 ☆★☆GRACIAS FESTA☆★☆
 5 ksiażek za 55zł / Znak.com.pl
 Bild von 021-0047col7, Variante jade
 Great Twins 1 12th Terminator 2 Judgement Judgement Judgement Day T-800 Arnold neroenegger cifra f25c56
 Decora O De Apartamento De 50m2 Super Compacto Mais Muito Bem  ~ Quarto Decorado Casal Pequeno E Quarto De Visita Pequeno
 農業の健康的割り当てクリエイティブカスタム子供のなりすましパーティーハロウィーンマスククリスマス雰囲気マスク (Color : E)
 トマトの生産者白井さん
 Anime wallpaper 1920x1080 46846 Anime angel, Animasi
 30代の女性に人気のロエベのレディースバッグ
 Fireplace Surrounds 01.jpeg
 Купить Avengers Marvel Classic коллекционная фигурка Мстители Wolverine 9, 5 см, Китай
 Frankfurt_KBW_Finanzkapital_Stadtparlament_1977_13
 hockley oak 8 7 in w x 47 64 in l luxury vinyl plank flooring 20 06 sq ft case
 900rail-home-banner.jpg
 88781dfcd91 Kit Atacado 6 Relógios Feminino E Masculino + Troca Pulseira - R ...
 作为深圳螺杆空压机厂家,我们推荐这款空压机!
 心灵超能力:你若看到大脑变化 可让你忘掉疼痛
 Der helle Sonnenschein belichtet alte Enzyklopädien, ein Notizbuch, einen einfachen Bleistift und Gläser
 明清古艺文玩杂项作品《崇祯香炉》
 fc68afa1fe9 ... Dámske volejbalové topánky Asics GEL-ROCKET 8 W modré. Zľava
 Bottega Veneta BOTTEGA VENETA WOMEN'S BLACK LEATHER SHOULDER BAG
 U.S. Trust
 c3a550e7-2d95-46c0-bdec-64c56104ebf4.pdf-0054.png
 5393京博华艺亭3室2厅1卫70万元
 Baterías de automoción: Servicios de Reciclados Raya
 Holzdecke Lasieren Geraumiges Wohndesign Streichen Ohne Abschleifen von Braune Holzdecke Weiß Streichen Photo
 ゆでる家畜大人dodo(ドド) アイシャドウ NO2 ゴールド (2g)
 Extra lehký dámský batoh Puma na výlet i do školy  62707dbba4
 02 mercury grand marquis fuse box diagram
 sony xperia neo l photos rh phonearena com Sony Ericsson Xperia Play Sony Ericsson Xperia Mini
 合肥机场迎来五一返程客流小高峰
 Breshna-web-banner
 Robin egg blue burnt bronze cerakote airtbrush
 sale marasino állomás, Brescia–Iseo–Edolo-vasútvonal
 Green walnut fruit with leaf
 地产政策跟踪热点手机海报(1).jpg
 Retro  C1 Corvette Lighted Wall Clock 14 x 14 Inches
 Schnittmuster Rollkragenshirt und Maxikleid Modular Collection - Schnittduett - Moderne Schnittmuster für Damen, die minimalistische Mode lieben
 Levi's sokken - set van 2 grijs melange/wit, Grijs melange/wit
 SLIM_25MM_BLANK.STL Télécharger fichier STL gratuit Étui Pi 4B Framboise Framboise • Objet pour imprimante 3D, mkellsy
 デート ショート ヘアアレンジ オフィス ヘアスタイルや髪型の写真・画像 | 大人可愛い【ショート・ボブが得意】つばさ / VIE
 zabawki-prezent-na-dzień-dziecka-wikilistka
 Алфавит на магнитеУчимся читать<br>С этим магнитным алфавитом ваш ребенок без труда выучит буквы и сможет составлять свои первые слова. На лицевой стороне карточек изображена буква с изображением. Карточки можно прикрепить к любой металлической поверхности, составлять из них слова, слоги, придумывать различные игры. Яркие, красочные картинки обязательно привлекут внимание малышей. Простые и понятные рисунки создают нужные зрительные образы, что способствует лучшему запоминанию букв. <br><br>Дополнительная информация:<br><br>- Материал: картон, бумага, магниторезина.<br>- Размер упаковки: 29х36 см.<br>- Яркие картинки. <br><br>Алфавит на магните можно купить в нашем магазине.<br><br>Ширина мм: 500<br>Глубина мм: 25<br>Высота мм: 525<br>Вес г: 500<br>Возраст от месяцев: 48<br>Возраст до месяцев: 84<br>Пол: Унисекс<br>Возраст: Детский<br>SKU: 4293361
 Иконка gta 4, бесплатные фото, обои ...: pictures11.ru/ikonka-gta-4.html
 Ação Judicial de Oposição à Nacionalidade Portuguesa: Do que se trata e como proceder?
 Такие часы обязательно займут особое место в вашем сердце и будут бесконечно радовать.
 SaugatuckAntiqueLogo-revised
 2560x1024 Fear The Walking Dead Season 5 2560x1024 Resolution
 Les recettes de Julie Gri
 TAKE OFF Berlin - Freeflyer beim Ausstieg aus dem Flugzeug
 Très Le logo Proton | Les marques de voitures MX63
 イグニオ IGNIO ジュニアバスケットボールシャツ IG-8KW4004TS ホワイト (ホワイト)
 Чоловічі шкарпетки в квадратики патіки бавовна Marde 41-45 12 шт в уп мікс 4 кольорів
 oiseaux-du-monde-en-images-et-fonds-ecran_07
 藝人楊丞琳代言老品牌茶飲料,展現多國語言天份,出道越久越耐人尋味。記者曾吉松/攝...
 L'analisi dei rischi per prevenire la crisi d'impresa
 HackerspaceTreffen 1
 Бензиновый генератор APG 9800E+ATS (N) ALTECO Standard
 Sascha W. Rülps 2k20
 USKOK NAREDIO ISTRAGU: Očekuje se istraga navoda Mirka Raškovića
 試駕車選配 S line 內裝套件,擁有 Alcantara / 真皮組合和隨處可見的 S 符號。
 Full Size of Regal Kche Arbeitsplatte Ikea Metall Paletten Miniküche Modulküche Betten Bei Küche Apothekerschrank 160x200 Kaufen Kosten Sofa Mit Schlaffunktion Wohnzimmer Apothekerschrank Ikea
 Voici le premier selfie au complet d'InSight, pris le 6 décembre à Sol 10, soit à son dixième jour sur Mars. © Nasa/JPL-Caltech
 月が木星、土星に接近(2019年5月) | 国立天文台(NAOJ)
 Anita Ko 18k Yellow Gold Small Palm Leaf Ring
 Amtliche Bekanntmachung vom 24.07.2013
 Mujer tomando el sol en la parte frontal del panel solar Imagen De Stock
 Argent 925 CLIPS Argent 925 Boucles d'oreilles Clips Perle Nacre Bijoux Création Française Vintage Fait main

━━━━

■ **Problem to work on**
Out of the listing above, reproduce exactly the lines from the one with "Full Size of" up to and including the one with "Voici le premier".

■ **Response**
 Full Size of Regal Kche Arbeitsplatte Ikea Metall Paletten Miniküche Modulküche Betten Bei Küche Apothekerschrank 160x200 Kaufen Kosten Sofa Mit Schlaffunktion Wohnzimmer Apothekerschrank Ikea
 Voici le premier selfie au complet d'InSight, pris le 6 décembre à Sol 10, soit à son dixième jour sur Mars. © Nasa/JPL-Caltech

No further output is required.